1. Case
A 73 years old female with known history of diffuse systemic scleroderma with pulmonary and renal involvement, presented with dizzy spells and 3 episodes of haematemesis over 1 week duration. On examination, she appeared to be pale with heart rate of 75/minute, blood pressure 163/71 mmHg and oxygen saturation 96% on room air. Abdominal examination revealed soft and nontender abdomen, normal bowel sounds with no organomegaly. Per rectal examination was unremarkable. Blood tests showed haemoglobin of 7.3 g/dl with MCV 88.8 fl. Iron profile showed total Iron 5.3 µmol/L, TIBC 54.1 µmol/L and Iron saturation of 10%. Liver function tests were with in the normal limits with AST 16 U/L, ALT 22U/L, ALP 59 U/L and total bilirubin 18 µmols/L. An ultrasound abdomen showed normal appearance of the liver, gall bladder, biliary tree, pancreas, aorta, and spleen. Hepatitis screen was –ve and vitamin B12, folic acid and thyroid functions were also with in the normal range.

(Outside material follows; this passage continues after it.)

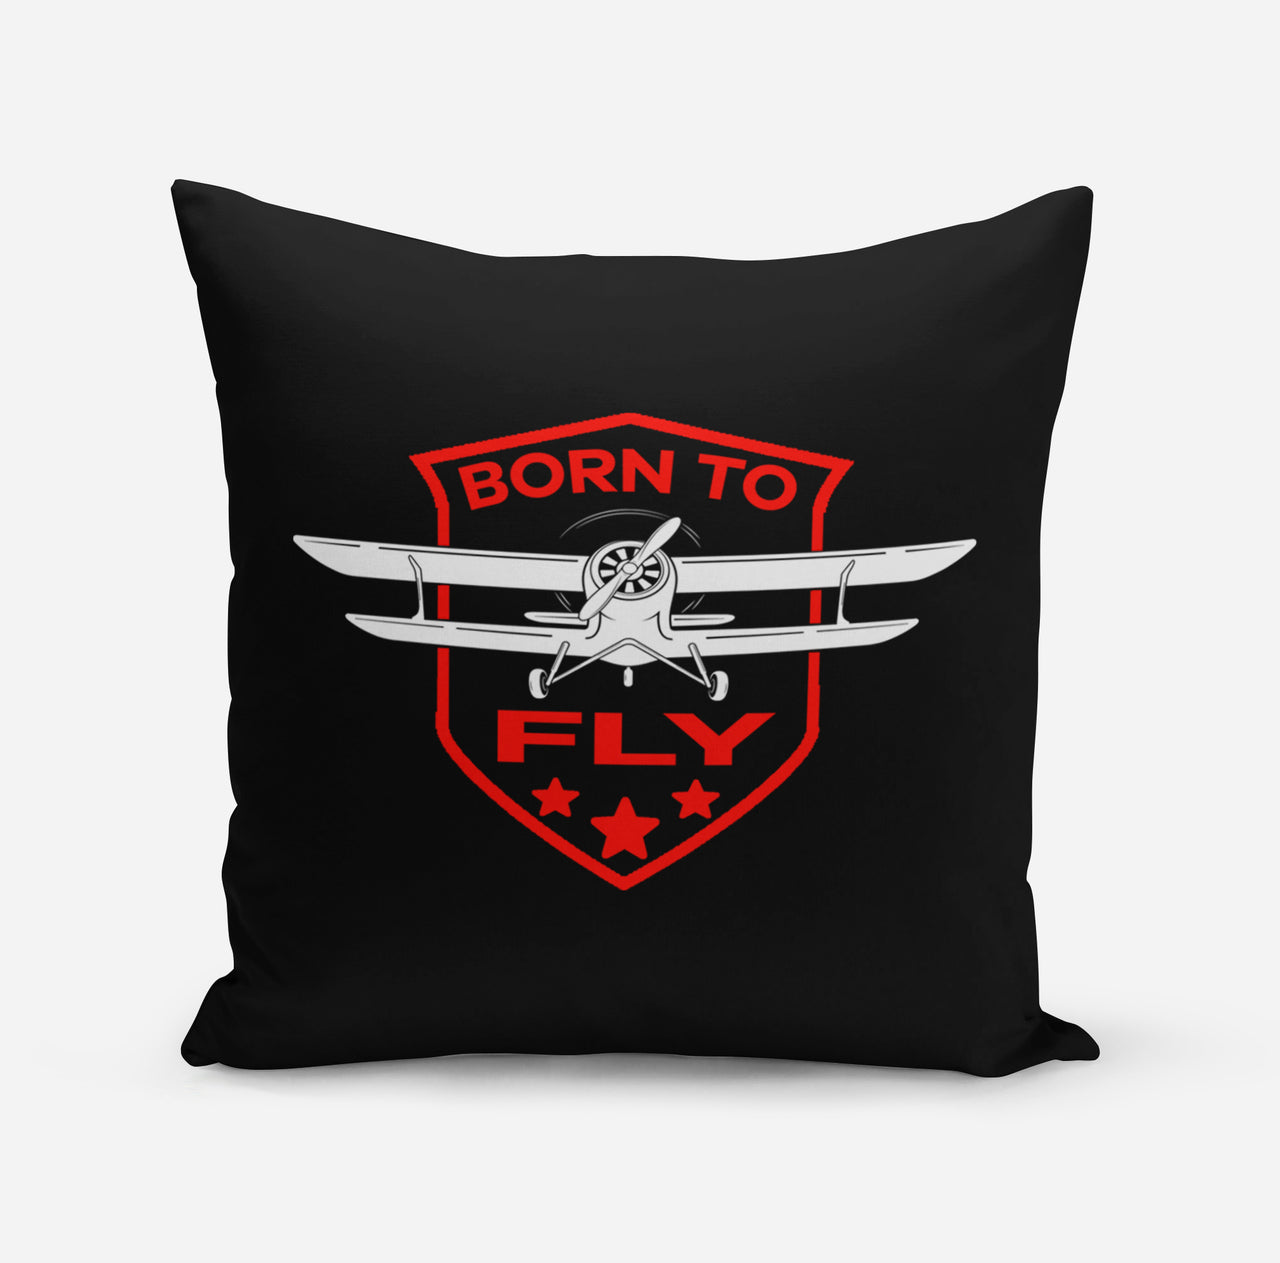 Born To Fly Designed Pillows
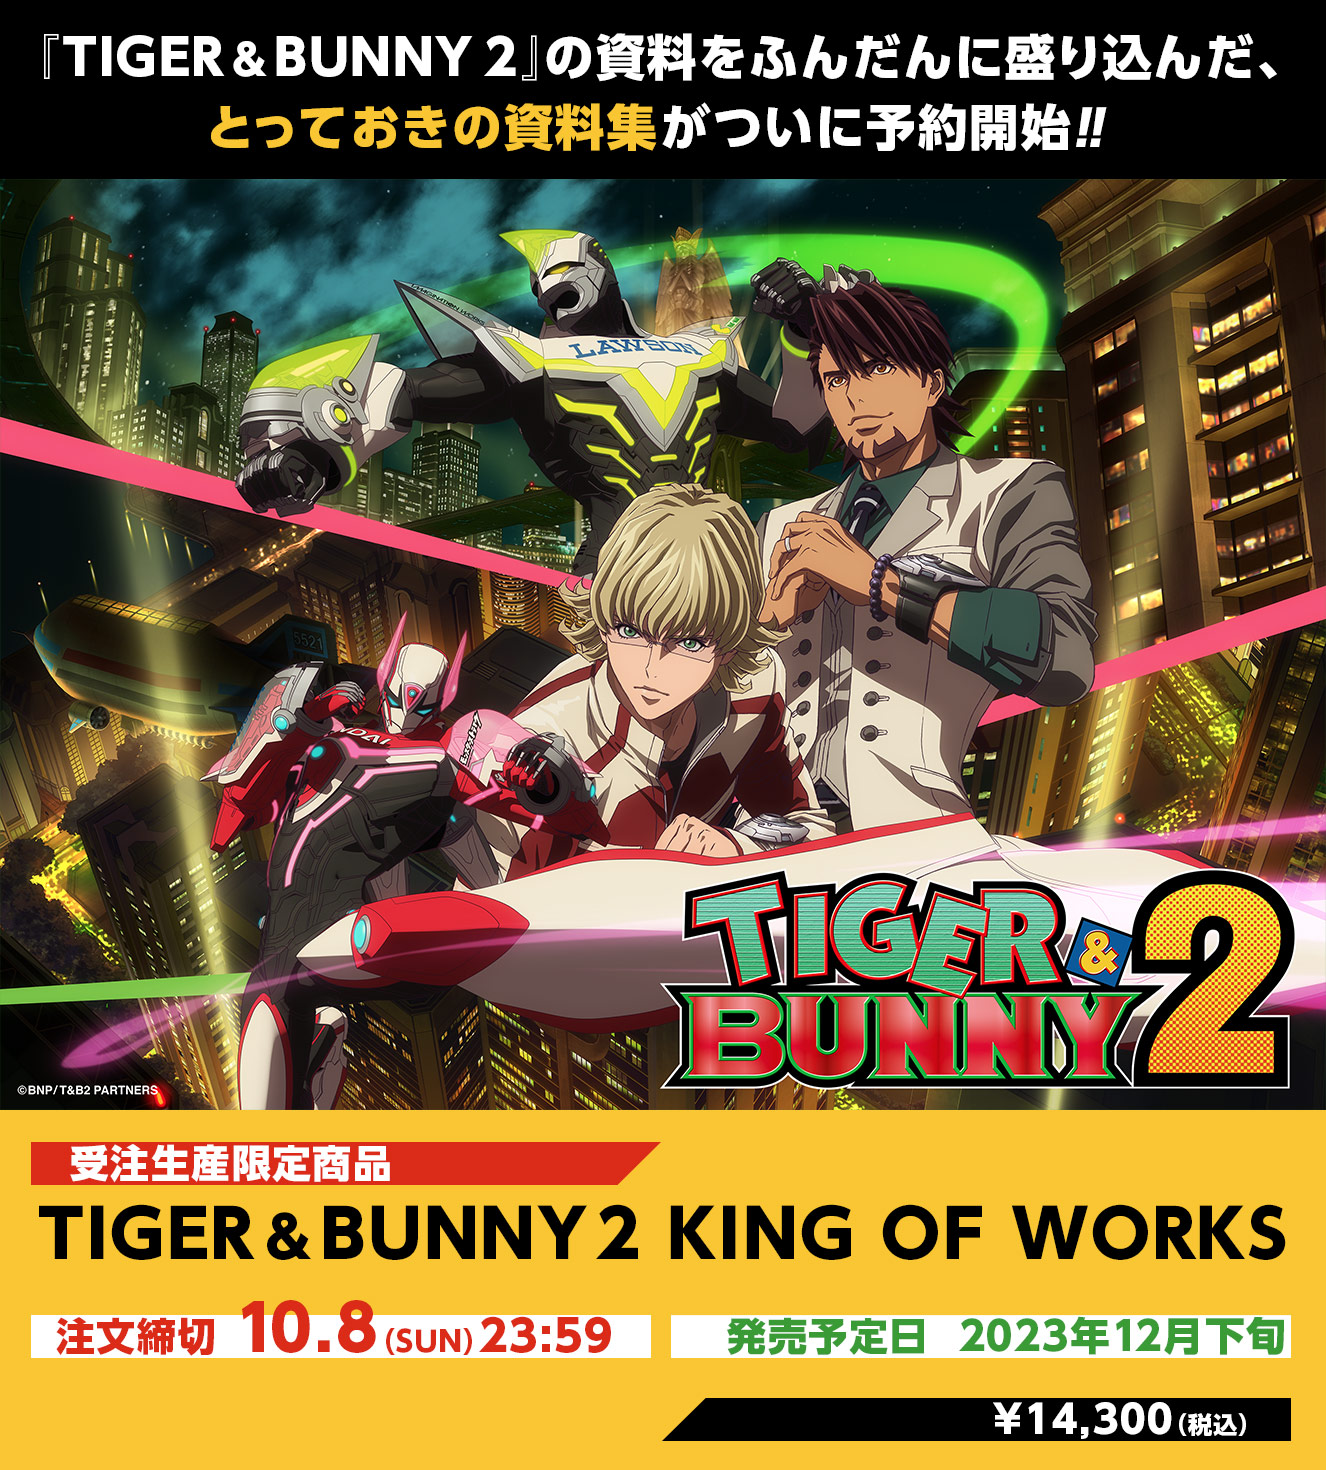 TIGER ＆ BUNNY 2 KING OF WORKS

She was transfused with three units of packed cells and an urgent upper gastrointestinal endoscopy was arranged. Endoscopy showed vascular lesions with erythematous linear streaks, consistent with Watermelon stomach. No active bleeding was noted. Biopsy report showed very mild chronic active gastritis with no evidence of intestinal type metaplasia, dysplasia or malignancy. Testing for H. Pylori was negative. She was prescribed proton pump inhibitors, oral iron supplements and was discharged home with close monitoring of full blood count.
2. Discussion
Watermelon stomach or Gastric antral vascular ectasia (GAVE) is an uncommon but important cause of gastrointestinal blood loss and iron deficiency anaemia that is characterized by a distinctive endoscopic appearance consisting of parallel erythematous folds traversing the gastric antrum [1]. Most patients with GAVE suffer from liver cirrhosis, autoimmune disease, chronic renal failure and bone marrow transplantation [2]. A majority of patients without cirrhosis but with GAVE syndrome are female (71%) with median age of 73 years, whereas the majority of patients with both cirrhosis and GAVE syndrome are male (75%) with a mean age of 65 years [3]. Histological features include vascular ectasia within the mucosa, fibrin thrombi, fibrohyalinosis and spindle cell proliferation. However, biopsy specimens may miss the lesions because they are often focal; thus, the diagnosis is typically made based on the characteristic endoscopic appearance, making biopsy unnecessary [4]. Treatment can range from heater probe cautery, laser coagulation to surgical resection of the gastric antrum [5].